*Work request*.
Please transcribe the data below in full, word for word, without the images.

*Supplied information*.
________________

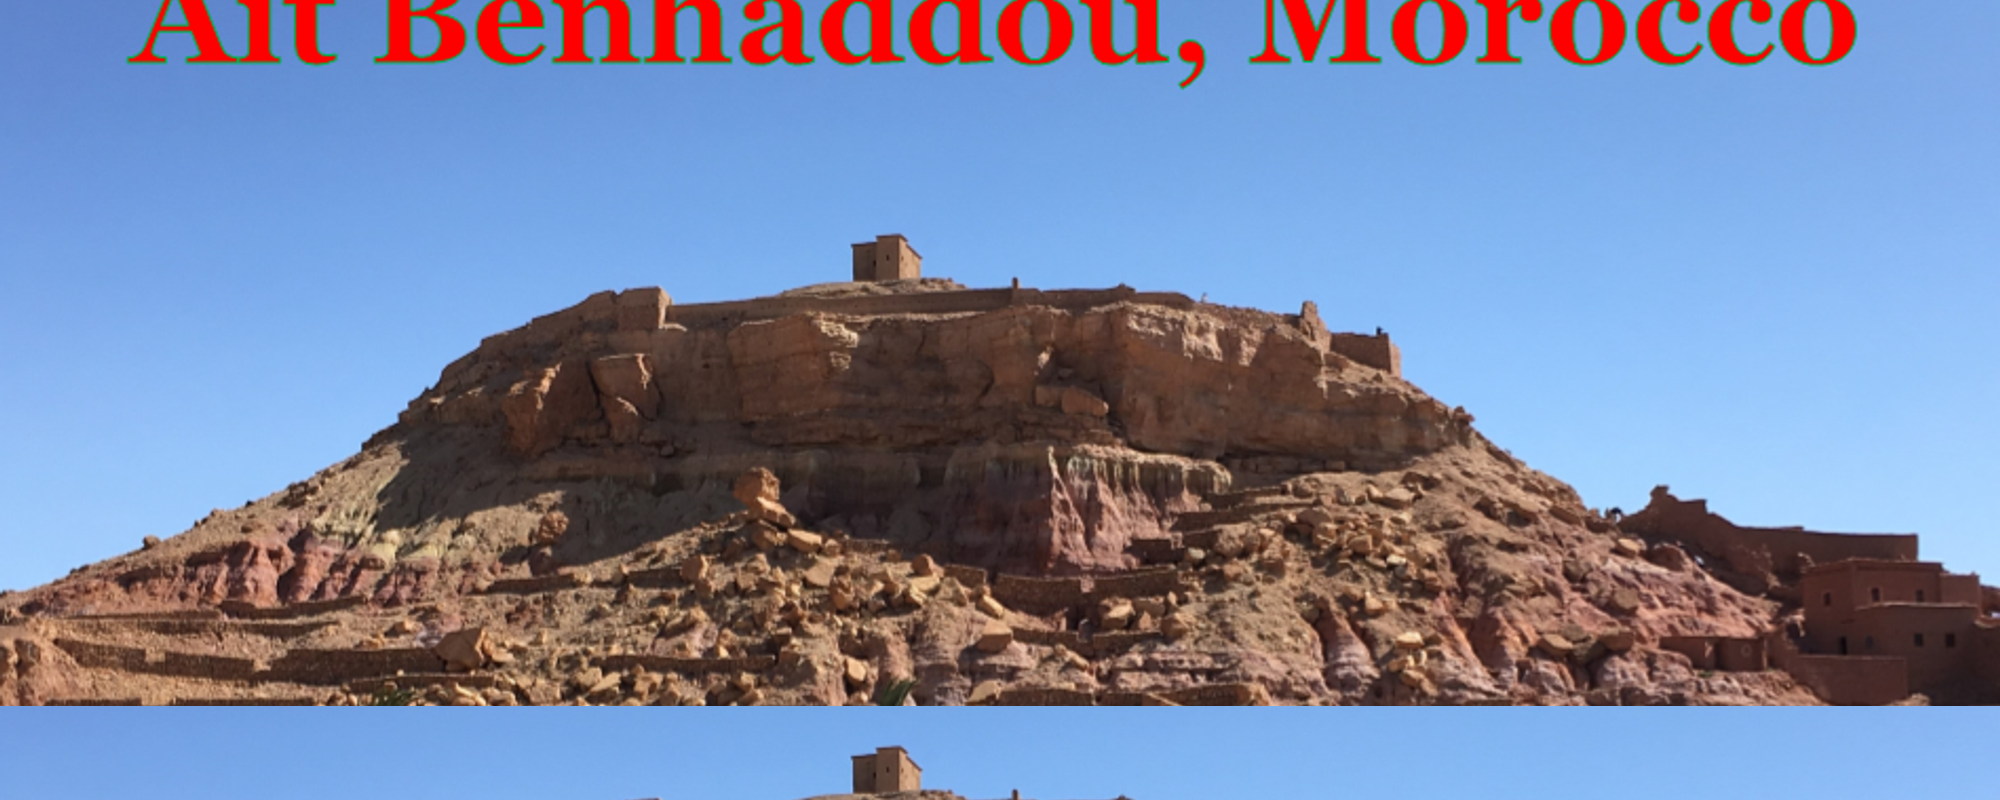 Kasbah Ait Benhaddou, Morocco - A UNESCO World Heritage Site
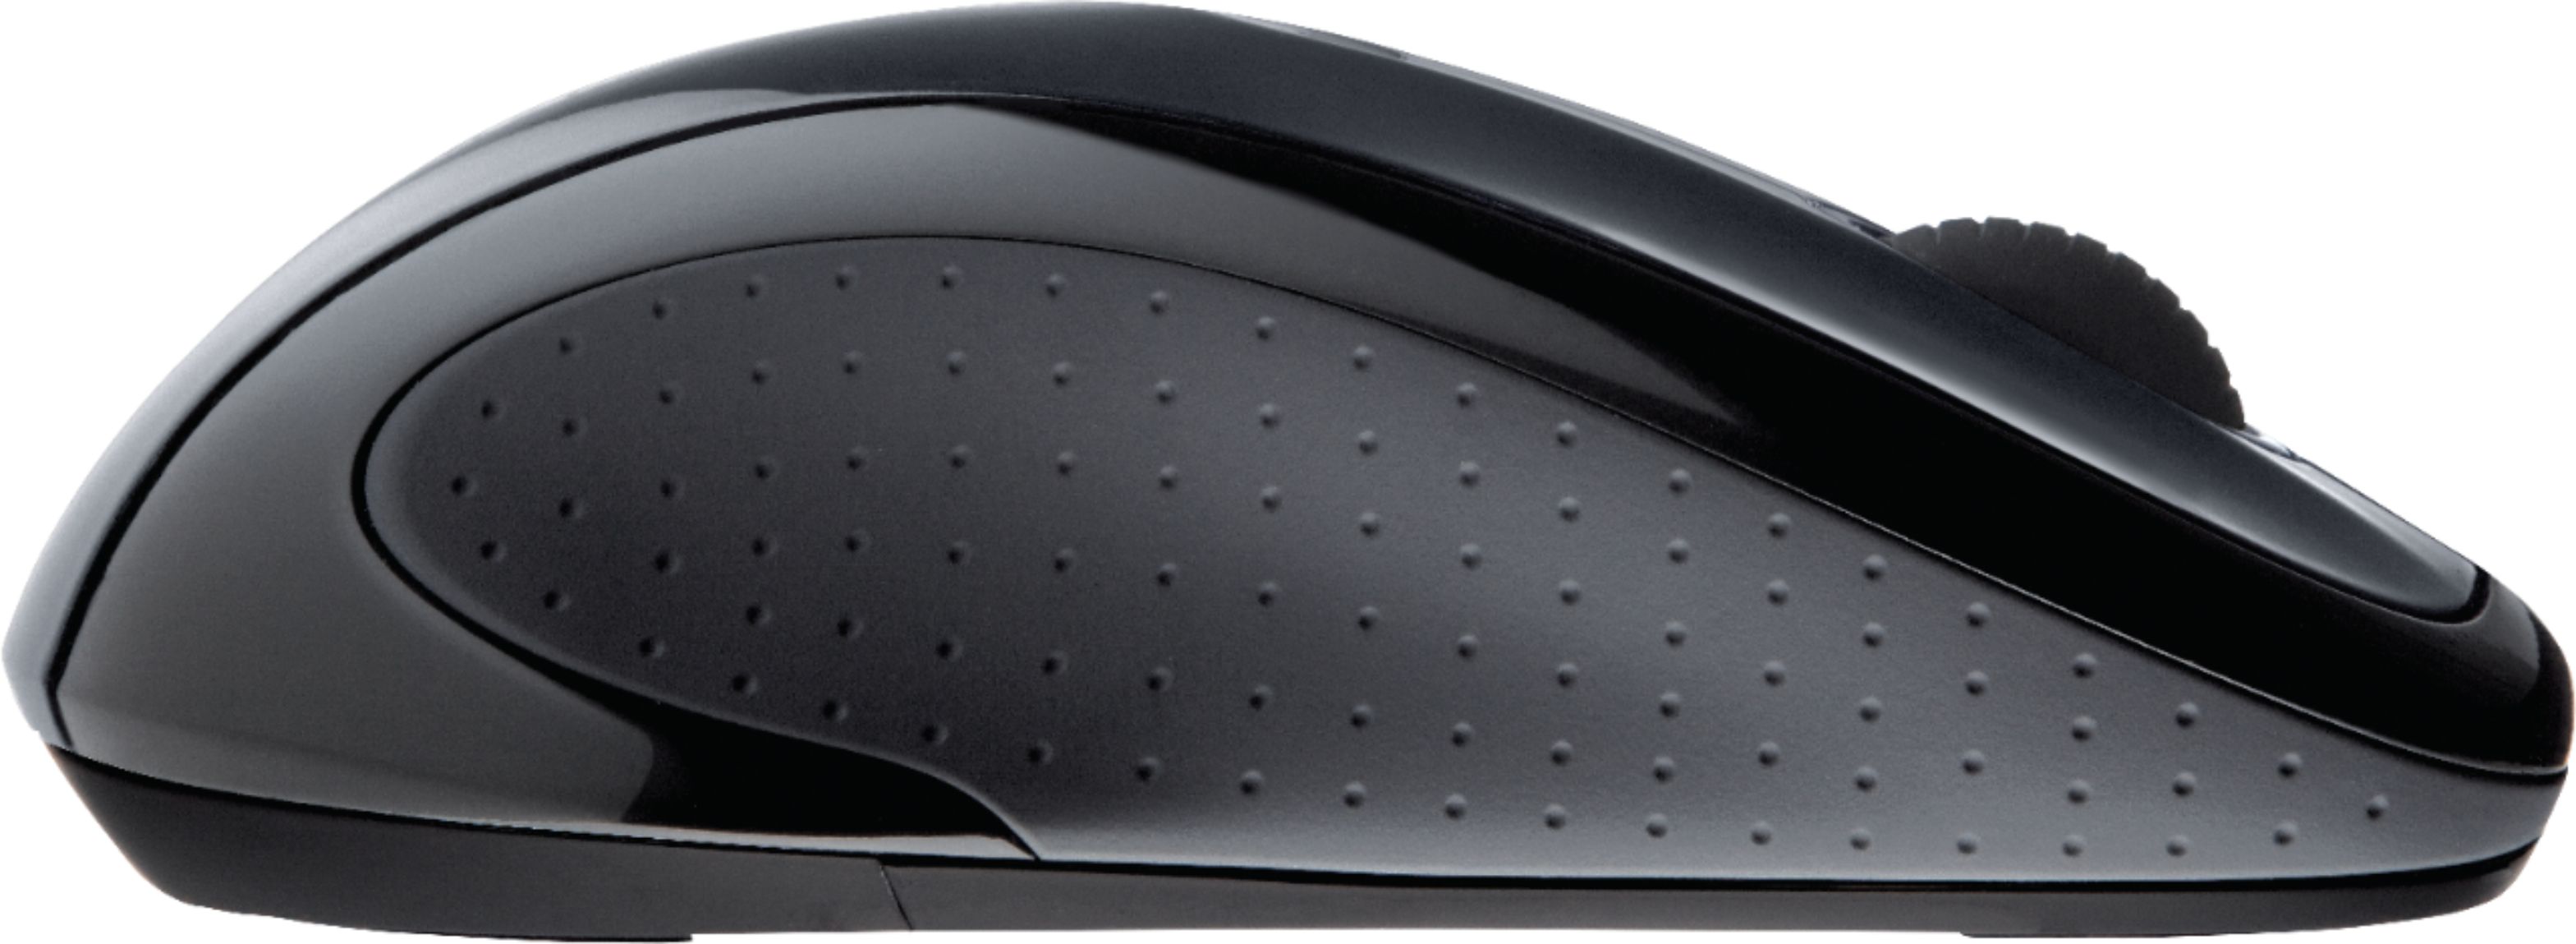 Logitech M510 Wireless Optical Ambidextrous Mouse Silver/Black 910
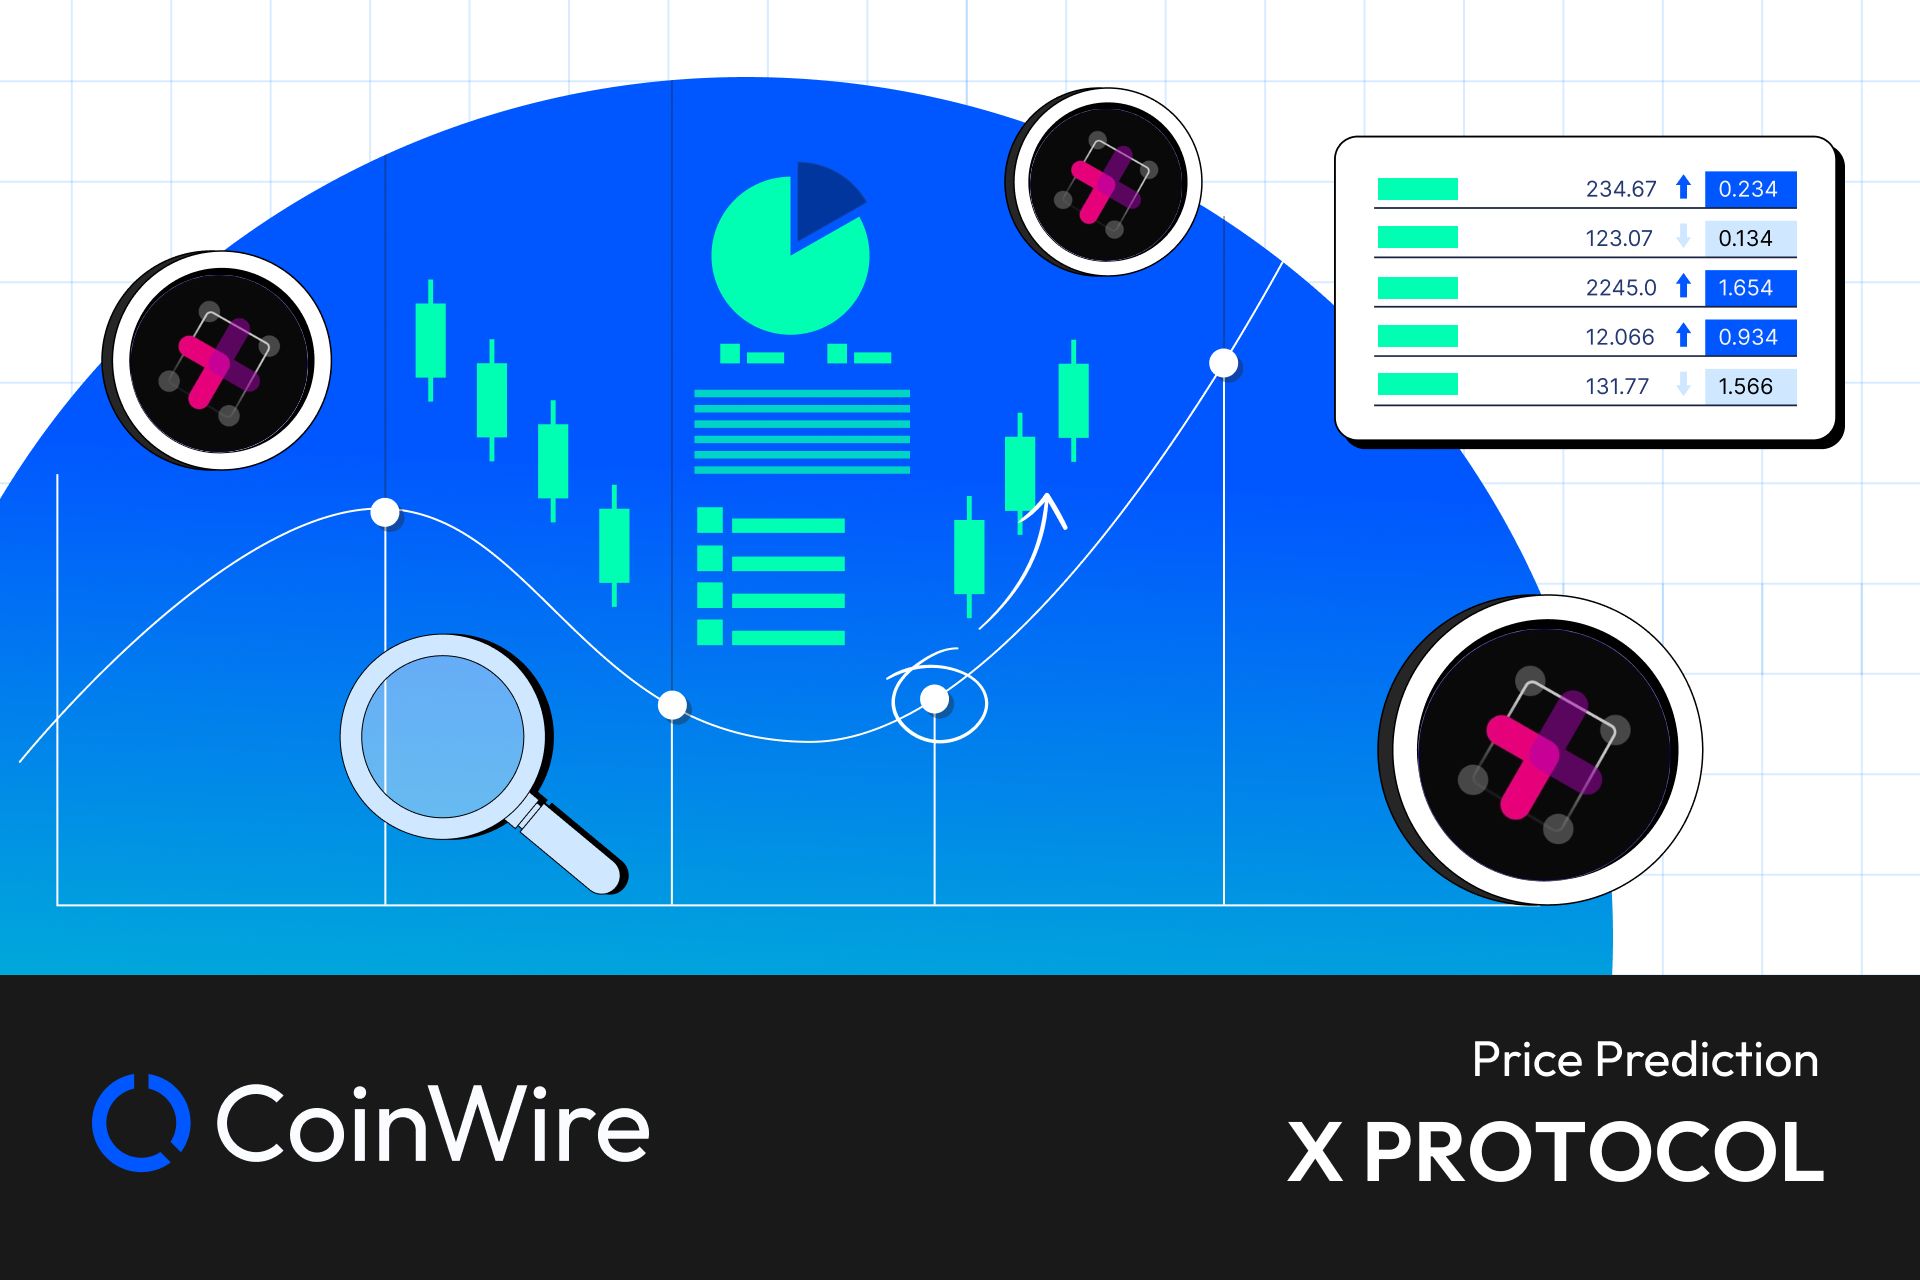 X Protocol Price Prediction

________________

*Result*.
 Kasbah Ait Benhaddou, Morocco - A UNESCO World Heritage Site
 Logitech M510 Wireless Optical Ambidextrous Mouse Silver/Black 910
 X Protocol Price Prediction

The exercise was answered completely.